Целыми днями, бывало, не выходил он зимой на улицу, и о нем забывали. Зимой в селе часто свадьбы гуляли, один про него вспомнит, пригласит, а десять и не вспомнят. Когда затевалась в селе свадьба, Нерсо беспокойно вхлдил в дом и выходил из дому — ждал приглашения, — выхватывал у дочки из рук книжку, швырял в сторону:
«Иди на улице поиграй».
Думал, увидят его дочку и про него вспомнят.
Но однажды холодным зимним днем простил Нерсо односельчан, сразу всех простил и всех полюбил. В тот день умерла его мать...
— ...Пиши: с самой весны вы нас обманываете. Хватит! У лжи ноги коротки. Пиши: работу мою и Баграта Галстяна не путайте с работой других в Карцанке. У нас с ним свои счеты. Пиши!..
Нерсо понуро слушал наставления Баграта.
...В тот день умерла мать Нерсо и все как один пришли к нему в дом. Никто не шутил, опустив головы, курили, тихо переговаривались. И чем-то в тот день каждый был похож на него, на Нерсо. Подошел председатель:
«В чем у тебя нужда, Нерсес?»
«Премного благодарен, ничего не надо», — растроганно ответил он.
Кто-то дружески положил ему руку на плечо, зашептал:
«Нерсо, место на кладбище есть? А то мы с ребятами займемся».
«Есть», — ответил.
Кого ни подзовет глазами, каждый тут же подходит. Кого о чем ни попросит, отказа нет. Он поднял голову и благодарно посмотрел на всех. Двое его товарищей по работе в поле с готовностью подошли.
«Что сделать?»
И Нерсо вдруг вспомнил:
«Я скотину не кормил».
«Сейчас, Нерсо джан».
И в душе у Нерсеса закипели слезы, он положил голову на грудь матери и всхлипнул: «Мам джан... — Ощутил вдруг глухую тоску по матери и запричитал: — Мам джан, мам, подай голос...»

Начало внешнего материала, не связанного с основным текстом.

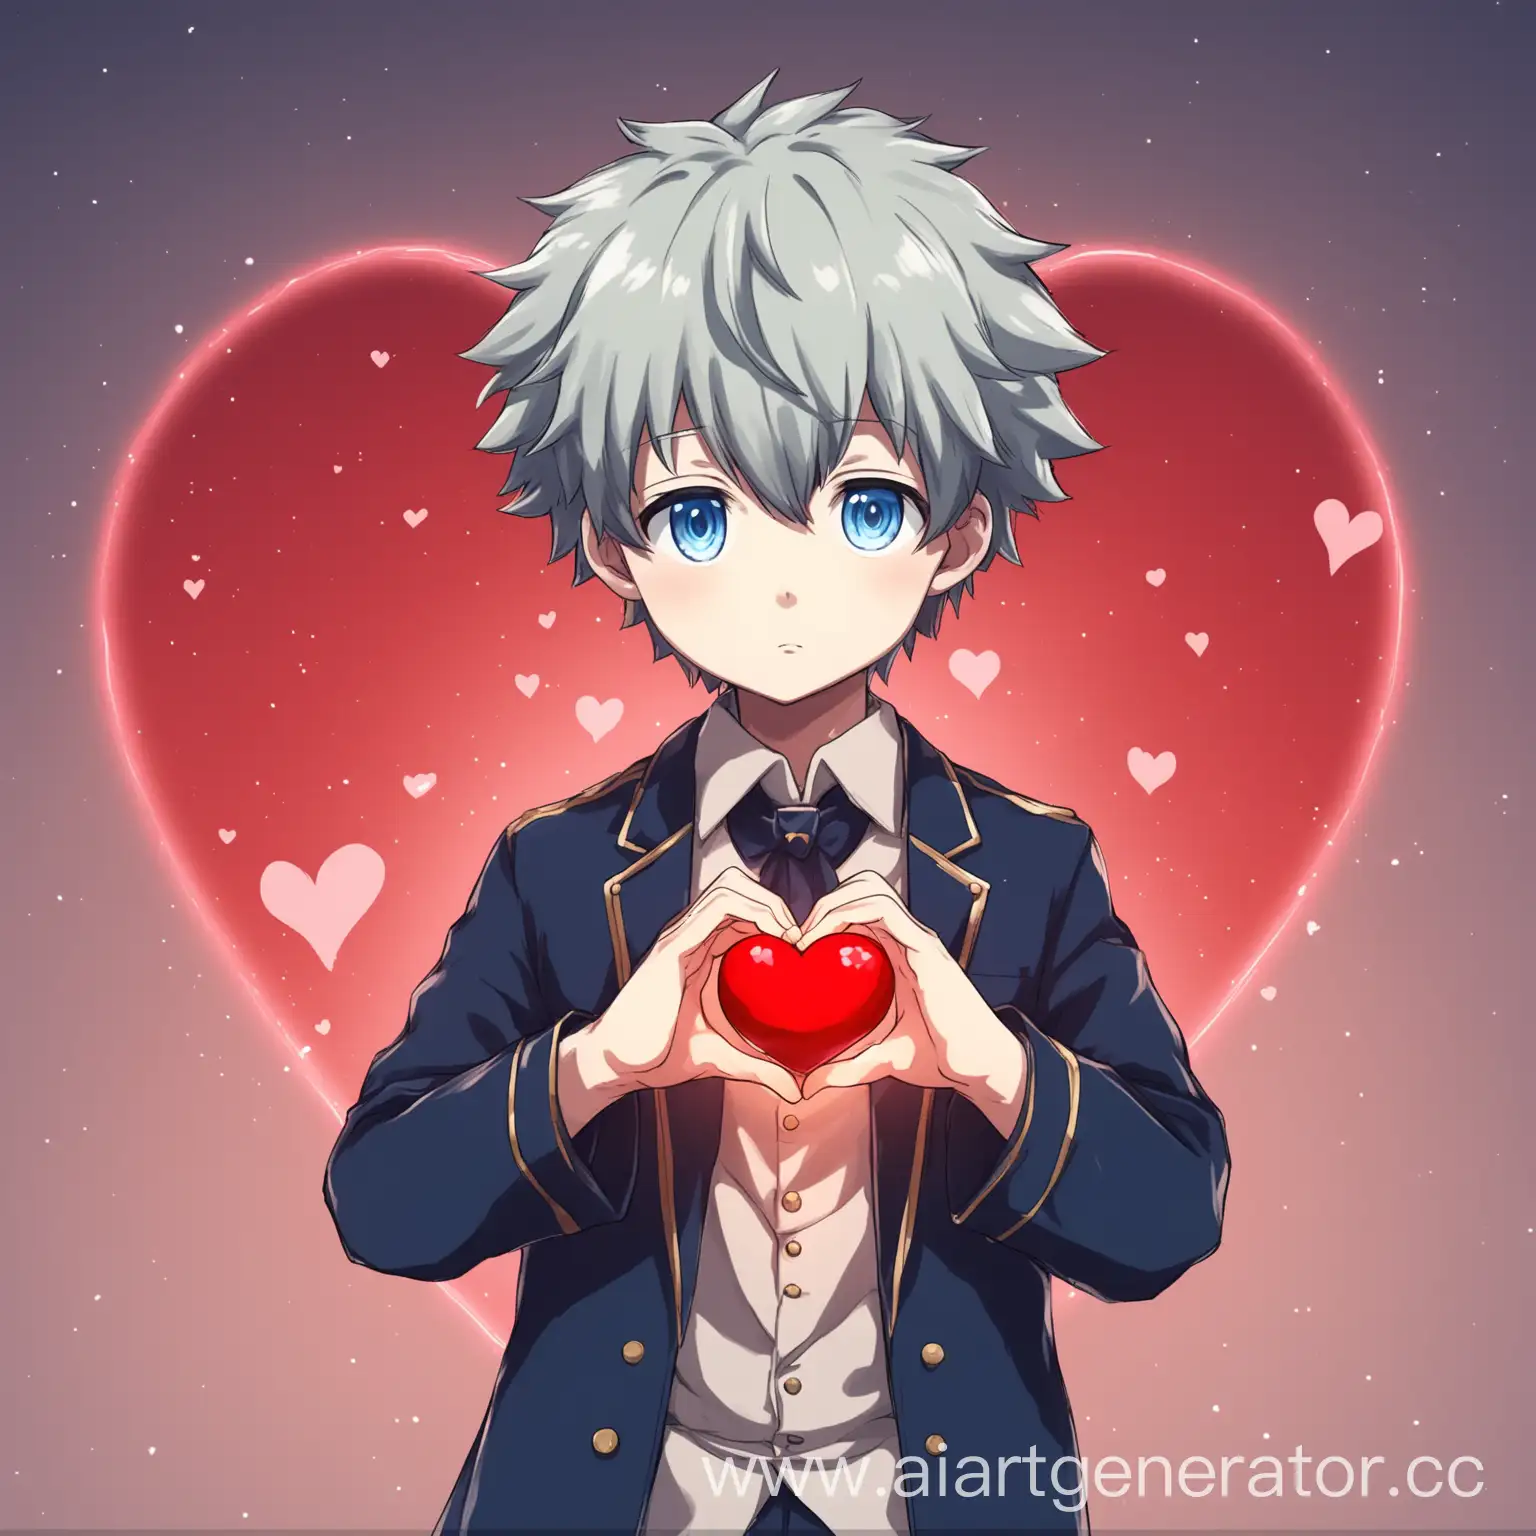 Anime-Character-Sotor-Gyoje-Holding-Heart-Romantic-Gesture-Illustration
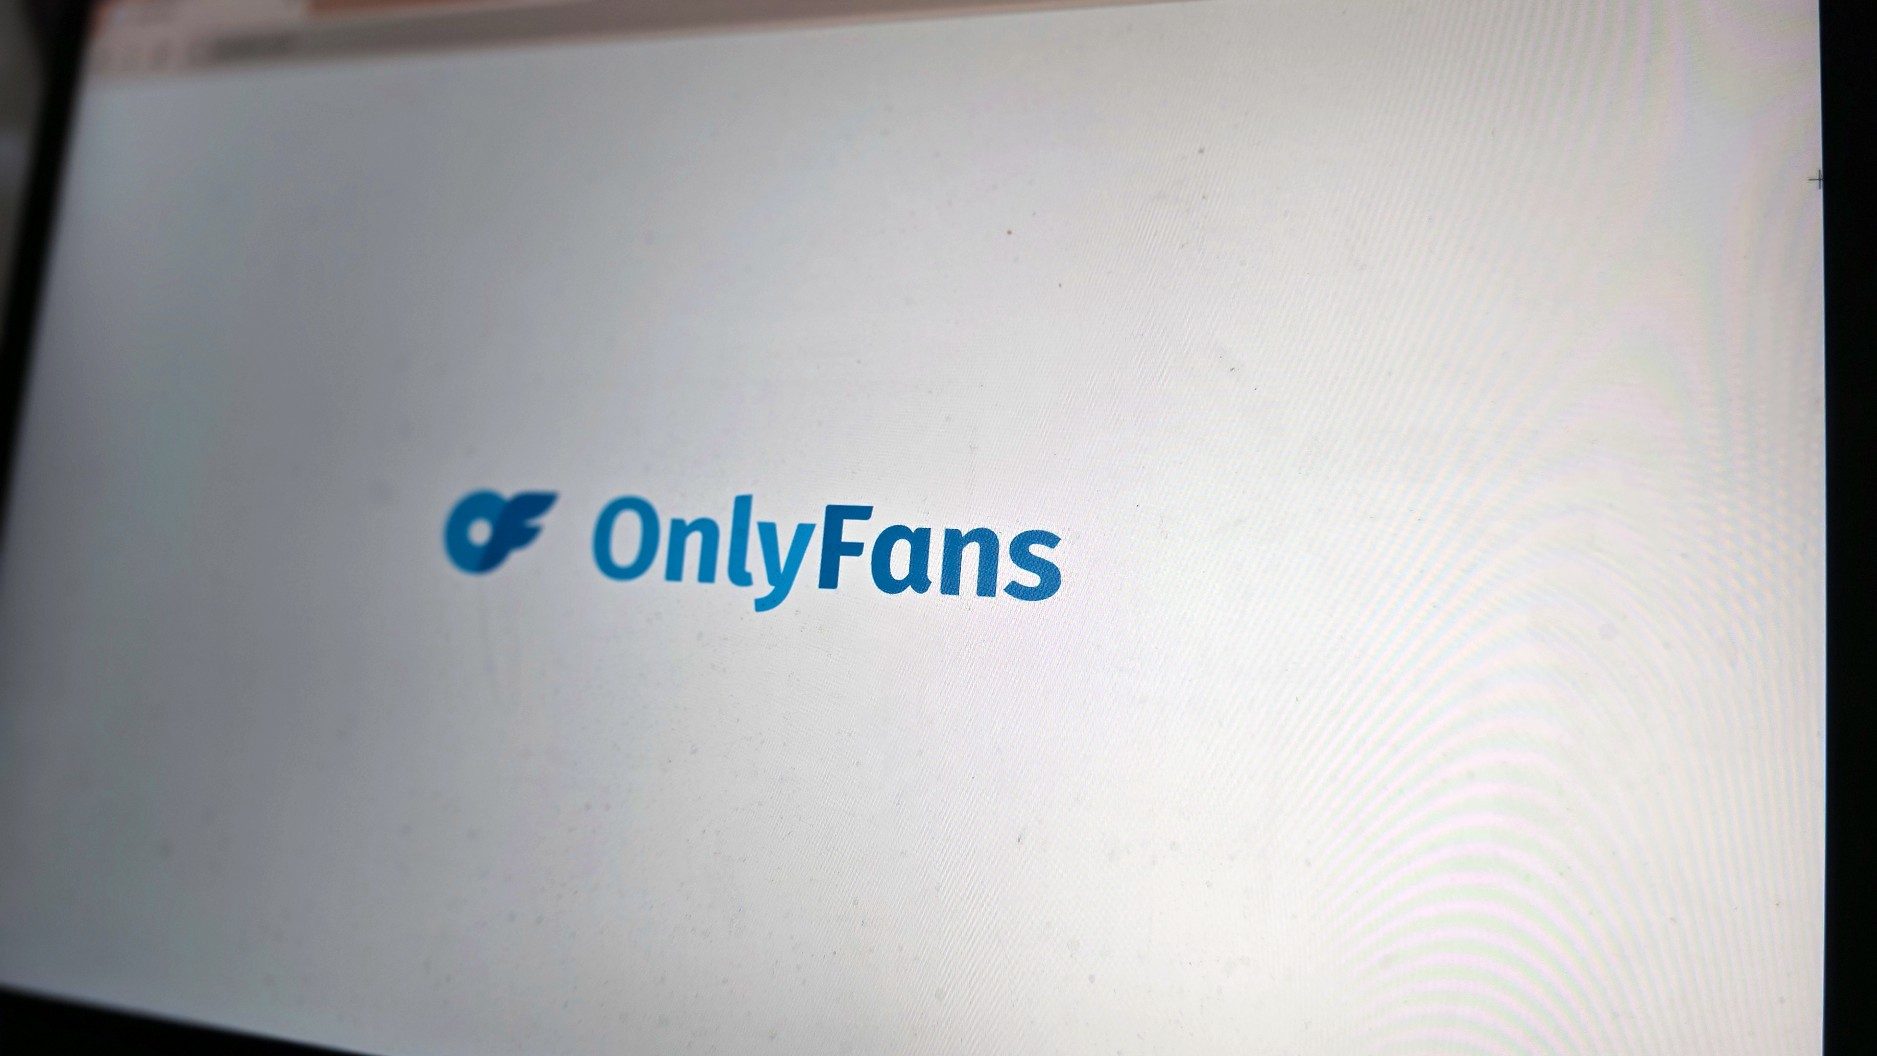 OnlyFans vows it’s a safe space. Predators exploit kids there

Кто-то тихонько дотронулся до его спины.
«Нерсо джан, ты ж не малый ребенок, — потянул его за руку. — Пошли».
Нерсо высвободил руку и еще крепче прильнул к матери.
«Ма, сельчане с тобой проститься пришли».
Никогда еще Нерсо не чувствовал такой любви к матери...
— ...Пиши: другие камни-то собрали, да оставили кучи на месте. А я и мой напарник Баграт Галстян унесли их. Пиши...
— ...Потом, на седьмой день, все село, как один человек, вошло в дом Нерсеса. Принесли вино, выразили соболезнование, ушли. И Нерсо вроде бы в долгу остался. За что он на них обижался, отчего избегал заходить в контору, что плохого сделали ему односельчане?